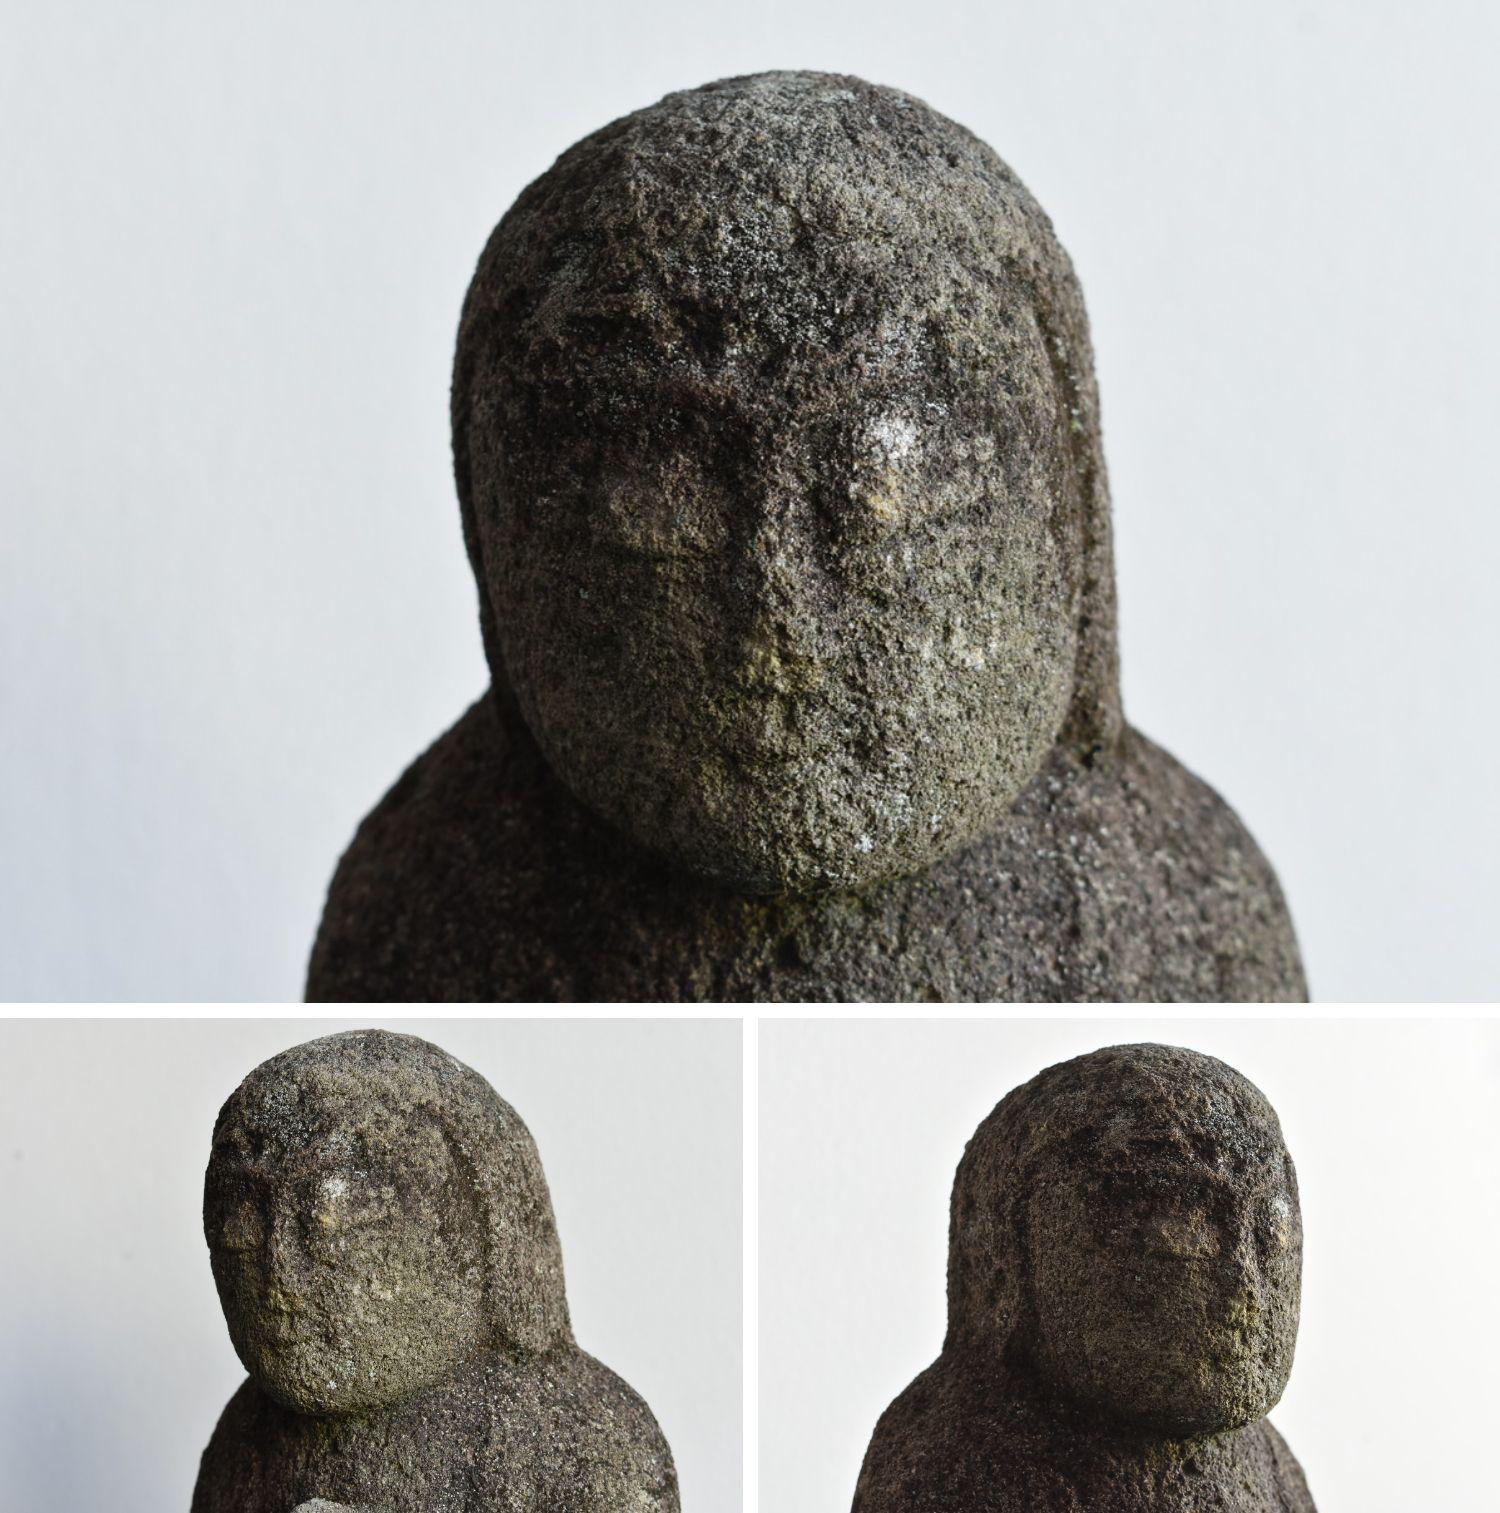 Edo 1750-1850 Japanese Old Stone Carving God / like a Stone Buddha / Garden Figurine
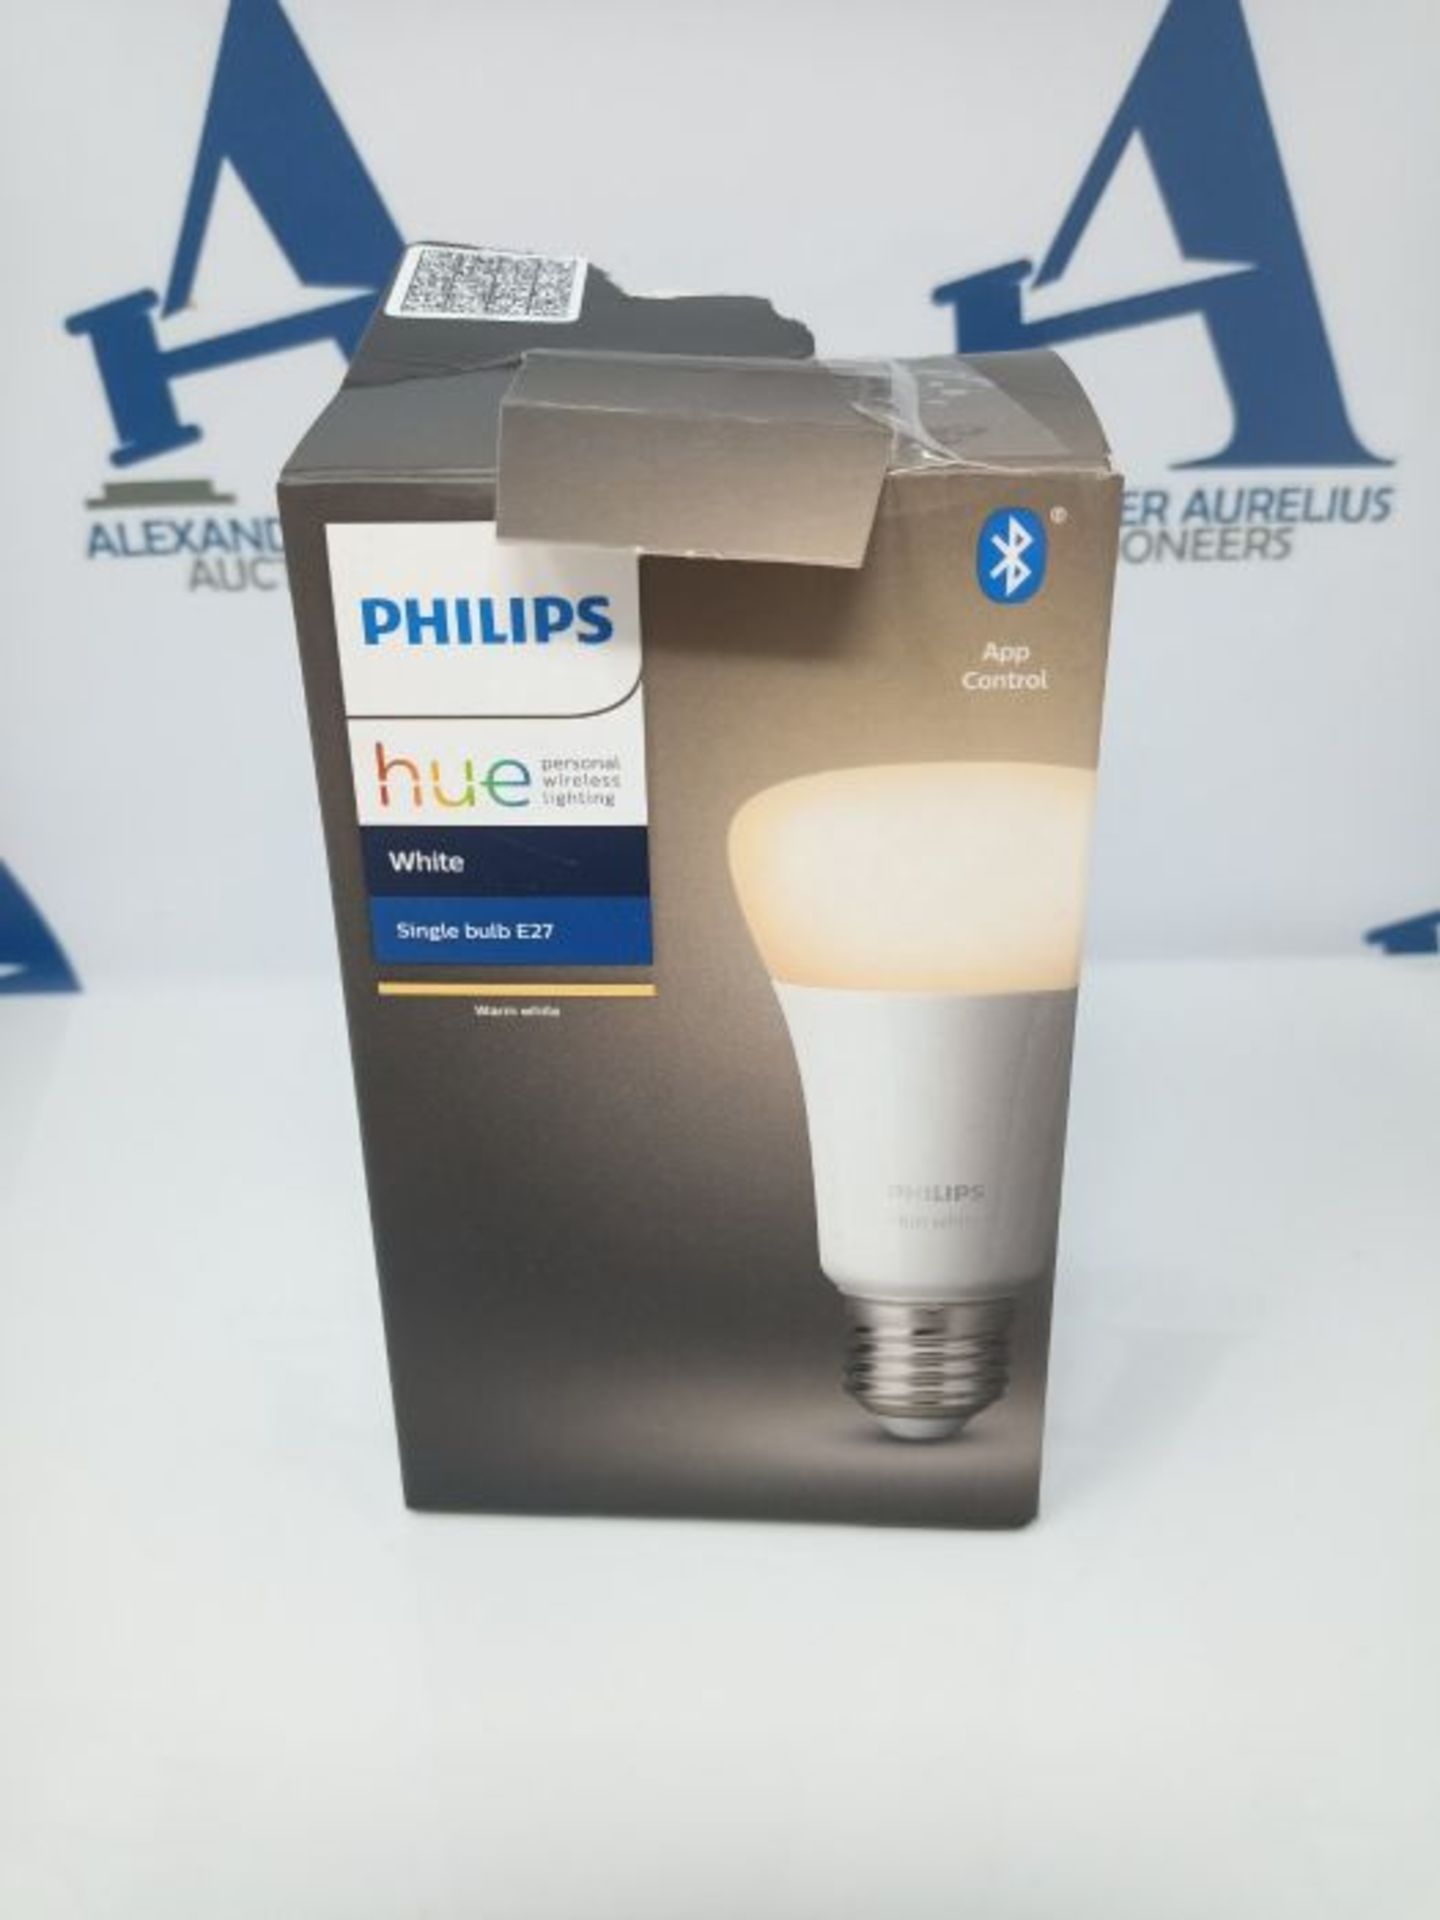 Philips Hue White Lampadina LED Connessa, con Bluetooth, Attacco E27, Dimmerabile, 60W - Image 2 of 3
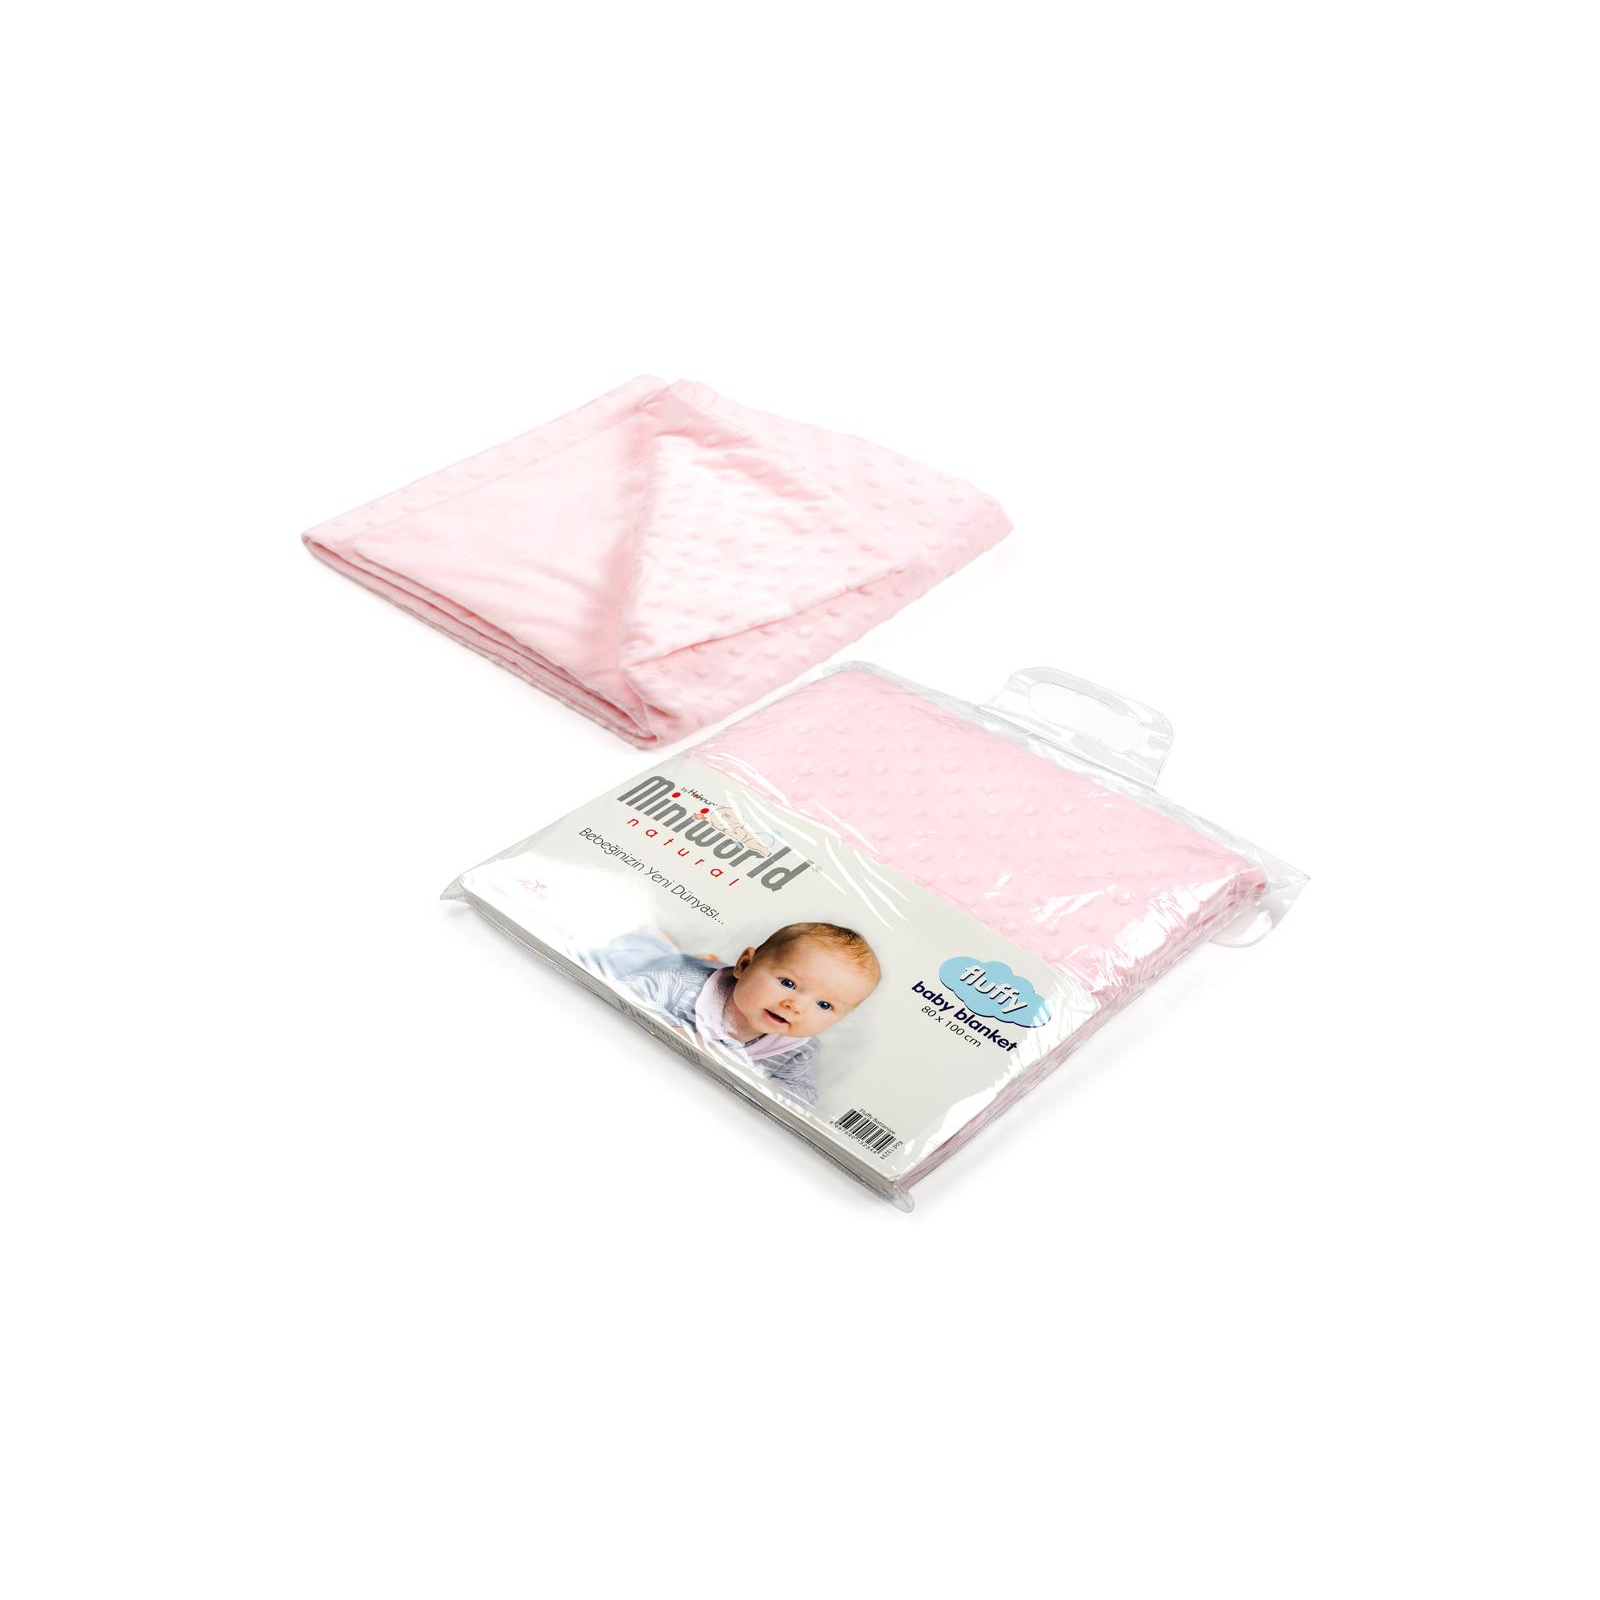 Детское одеяло Miniworld велюровый (13234-pink)

* Required action
Full transcription of the material, exact in every line, without images.

* Written solution
 Edo 1750-1850 Japanese Old Stone Carving God / like a Stone Buddha / Garden Figurine
 Philips Hue White Lampadina LED Connessa, con Bluetooth, Attacco E27, Dimmerabile, 60W - Image 2 of 3
 Детское одеяло Miniworld велюровый (13234-pink)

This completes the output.